While calling interviewer Emma Alberici by the incorrect name, Anna, throughout the interview, Mr Palmer defended his businesses practices and referred to a five-year-old news story where he was named “boss of the year”.
He also defended using an alias when sending email to Queensland Nickel staff. He laughed off questions saying he used the email to make restaurant bookings and that the emails were signed “Clive”.
“If I wanted to make an appointment at the Wild Duck restaurant and Terry Smith made the appointment, you media wouldn’t be there bothering me,” he said.
“If there was a reservation under my name, there would be 20 or 30 media at the restaurant.” Mr Palmer was also quizzed about an email sent with the Terry Smith alias where he argued against advice to bring forward an oil pipeline safety inspector.
“That’s my nephew Martin cautioning me,” he said.
“I rejected his advice.

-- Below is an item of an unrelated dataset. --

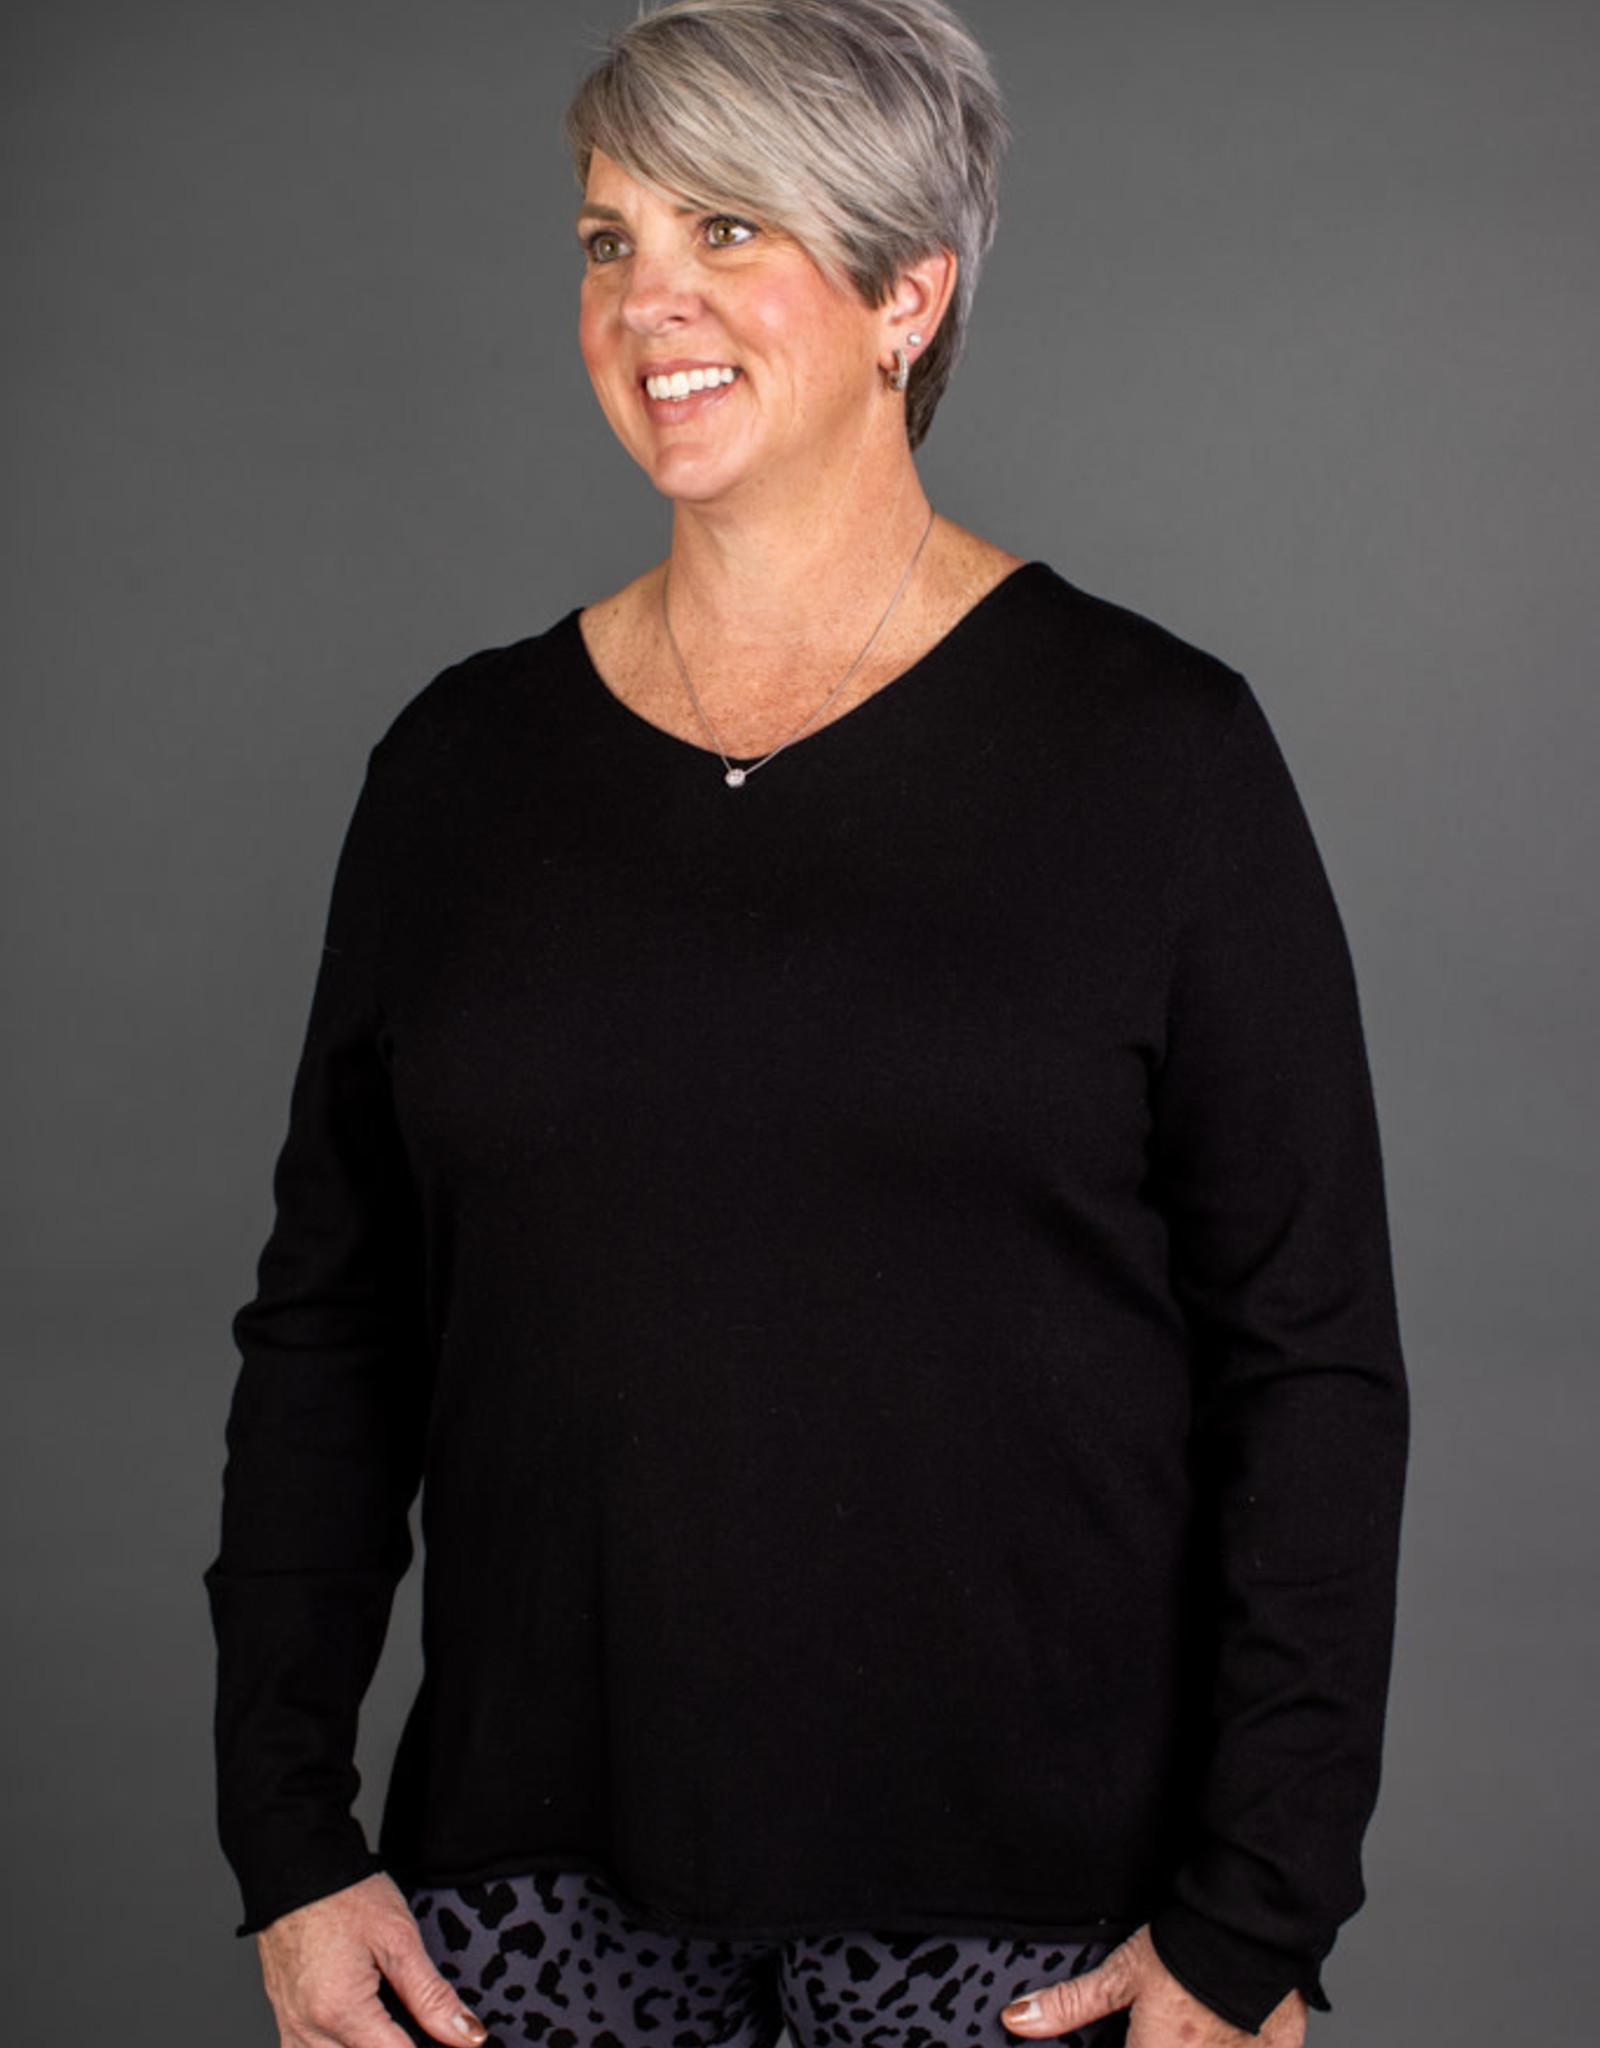 Veronica Vneck Sweater

That was my prerogative to do so as a member of the committee, as other people could have had contrary views if they wanted to.”
The denials come as Mr Palmer may be preparing to bat off some more unfavourable claims with a report to be released today that could be just as damning.

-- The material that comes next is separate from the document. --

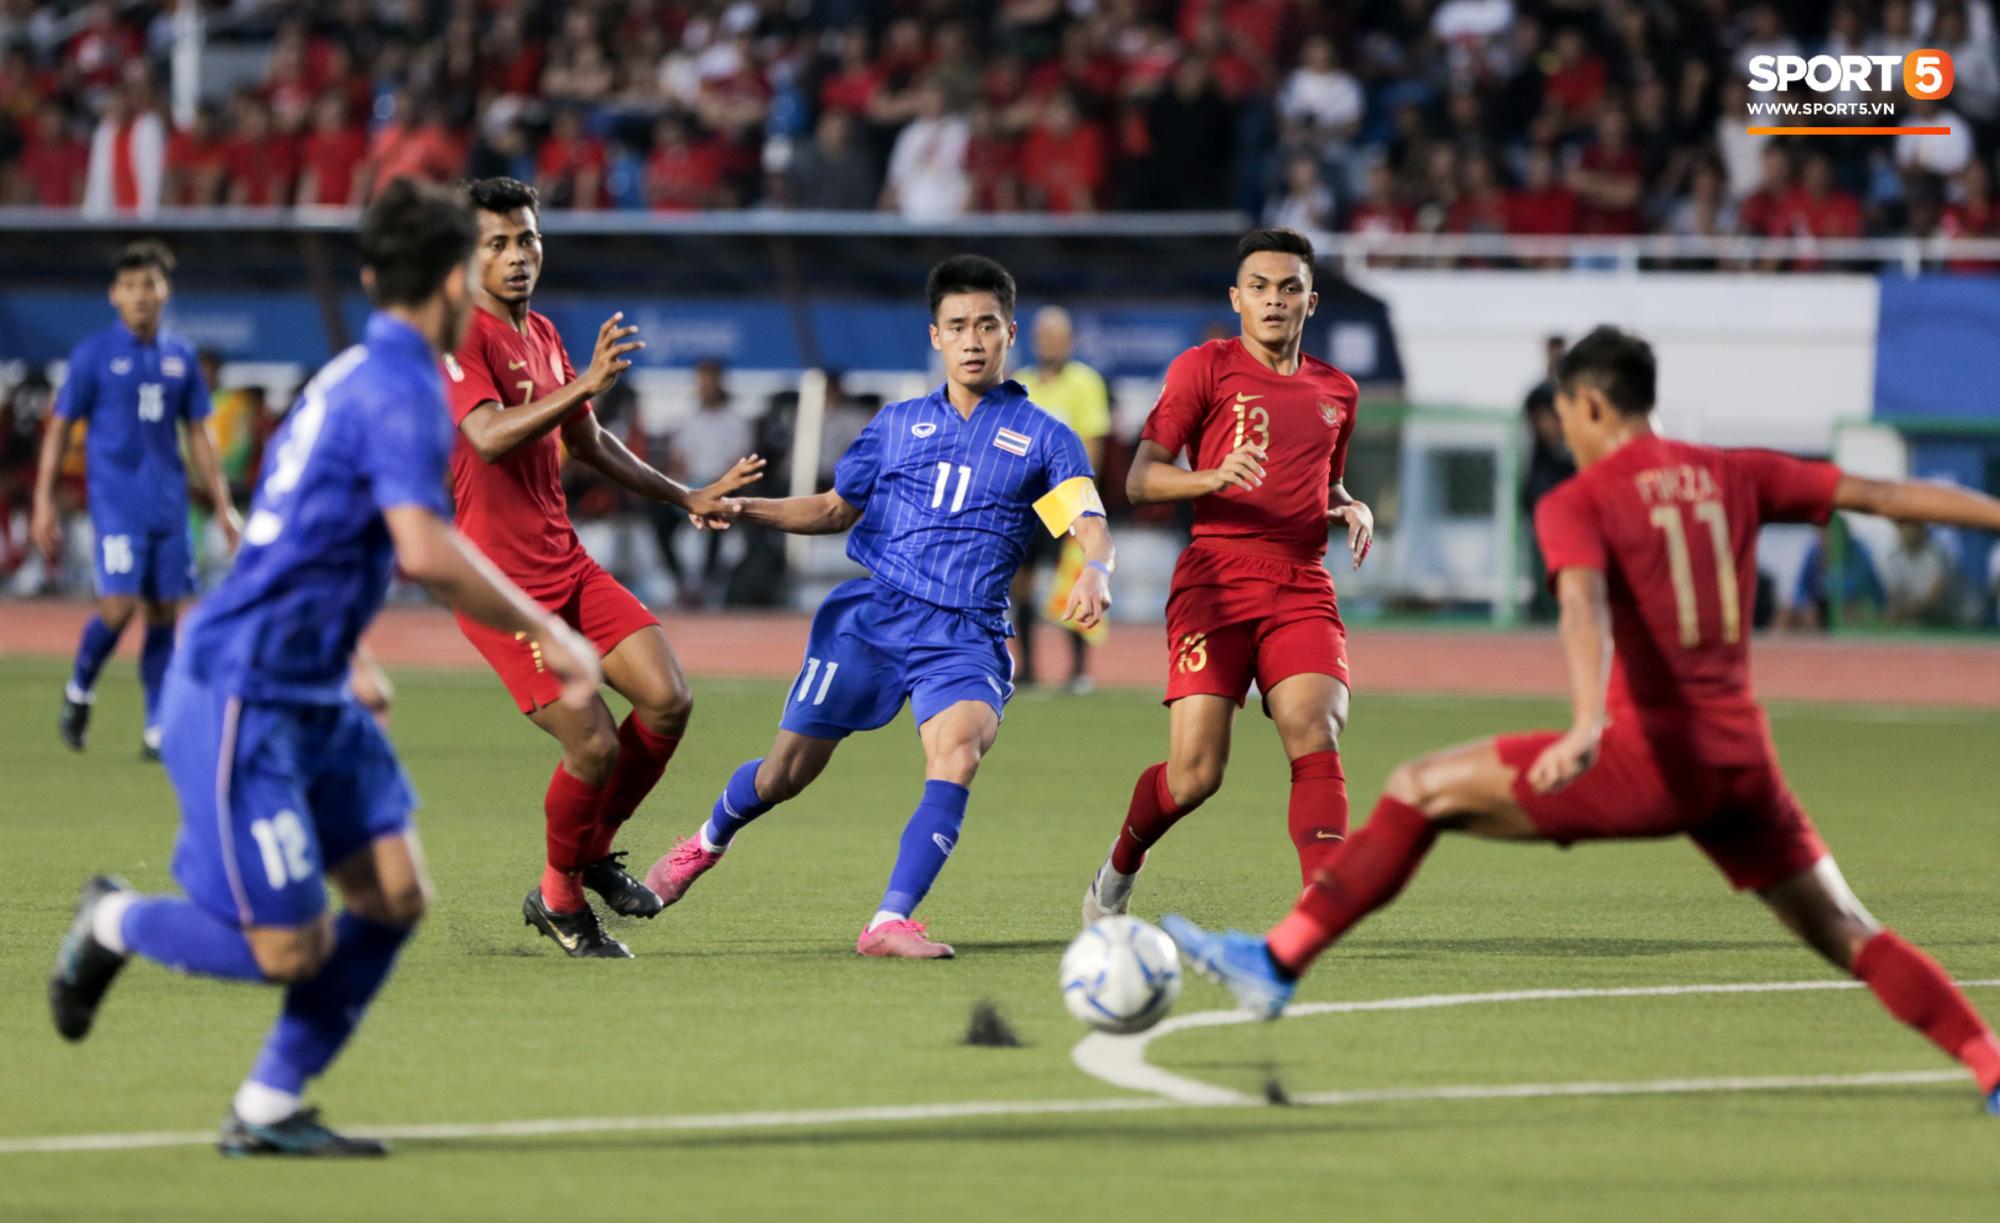 Soi kèo U22 Brunei vs U22 Thái Lan

Administrators of Mr Palmer’s beleaguered Queensland company are set to announce whether or not they think the operation should be wound up.
The jobs of about 550 workers have been in limbo since Mr Palmer re-entered the operation under a new entity, Queensland Nickel Sales, which took over from administrators last month.
It has since remained in the spotlight due to ongoing financial woes, the frustration of workers and their families, and its repeated breaches of safe ammonia levels in nearby creeks.
The Australian Workers Union (AWU) believes liquidation is likely and would be welcomed by workers because they’d then be able to access a federal scheme covering some of their entitlements.
The fate of Queensland Nickel will ultimately be decided on April 22, when creditors meet in Townsville to vote on administrator FTI Consulting’s recommendations.